Any one of the acts denounced in the disjunctive in Penal Code section 484 constitutes the crime of theft, which offense has been substituted for the former separate offenses of larceny, embezzlement, and obtaining money or property under false pretenses. Pen.Code, § 490a. Although the offense of theft has been substituted for the offenses of larceny, embezzlement and obtaining money or property by false pretenses, no elements of the former crimes have been changed. The elements of the former offenses of embezzlement and larceny and the distinction between them are clearly stated in People v. Bojorquez, 35 Cal.App. 350, 354, 169 P. 922. See, also, People v. Johnson, 91 Cal. 265, 27 P. 663; People v. Myers, 206 Cal. 480, 275 P. 219; People v. Selk, 46 Cal.App.2d 140, 115 P.2d 607. While the instruction complained of, when considered alone, may not define all the elements necessary to constitute all the former offenses now contained within the crime of grand theft and essential to a conviction under that charge, yet, when considered in connection with the statutory definition of that offense as given, and particularly the instructions offered by appellant and given by the court, the appellant cannot be heard to complain that the instructions, when considered as a whole, were prejudically erroneous because they were not a fair statement of the law applicable. The evidence was sufficient to support the verdict. Byrd v. State, 90 Tex.Cr.R. 418, 235 S.W. 891.

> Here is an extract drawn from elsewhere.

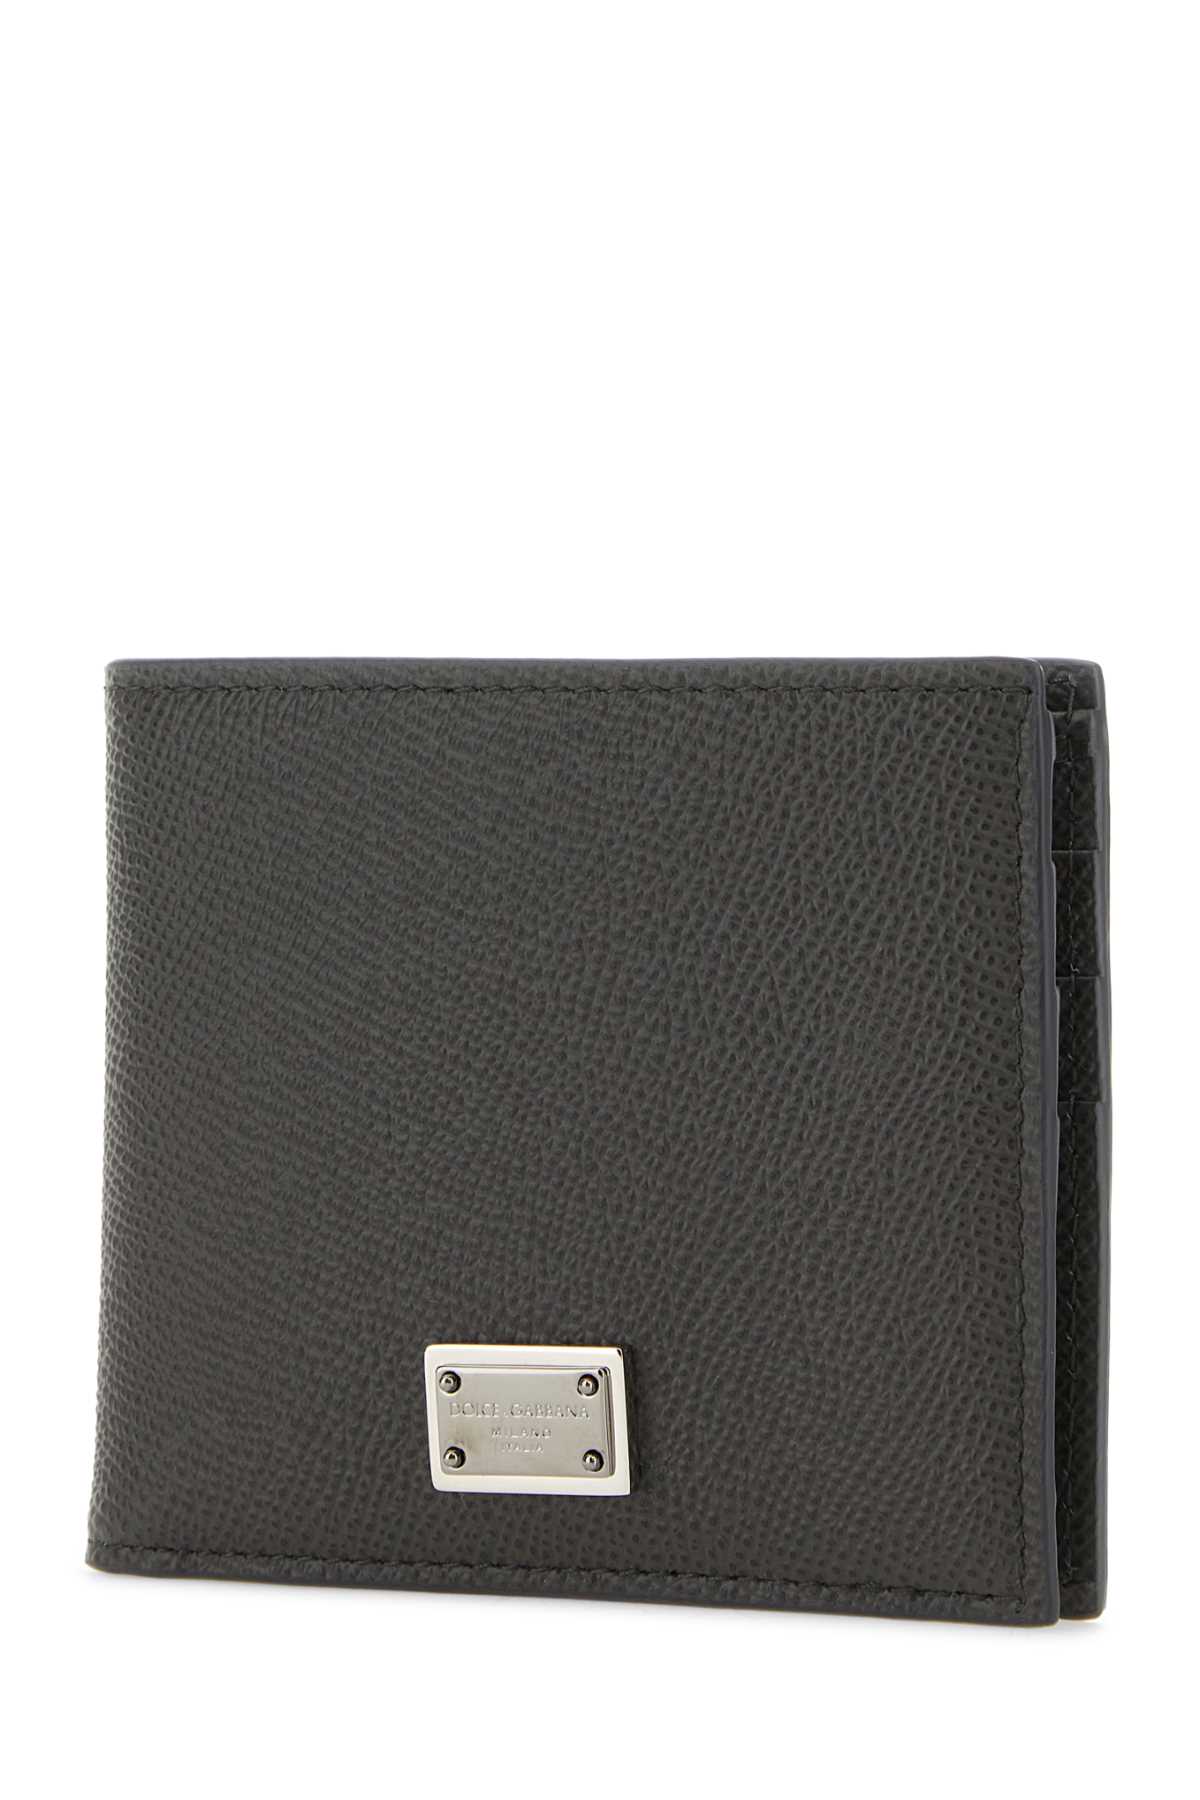 Dolce & Gabbana Dove Grey Leather Wallet In 8h708

Appellant's claim, that his “motion to instruct the jury to acquit” should have been granted, is not well taken. The trial court, in a criminal case, is only authorized to advise the jury to acquit but the jury are not bound by the advice. Sec. 1118, Pen.Code; People v. Daniels, 105 Cal. 262, 266, 38 P. 720; People v. Horn, 70 Cal. 17, 11 P. 470; State v. Sullivan, 34 Idaho 68, 199 P. 647, 17 A.L.R. 902.

No demurrer was interposed to the information under section 1003 of the Penal Code. The allegation in the information that the defendant “unlawfully” took $723.63 in cash, was a sufficient averment of a felony offense without stating that he “feloniously” took that amount. In charging theft it shall be sufficient to allege that the defendant unlawfully took the labor or property of another. § 952, Pen.Code. The order denying the motion for new trial was substantially grounded.

Judgment and order affirmed.

GRIFFIN, Justice.

BARNARD, P. J., and MARKS, J., concurred.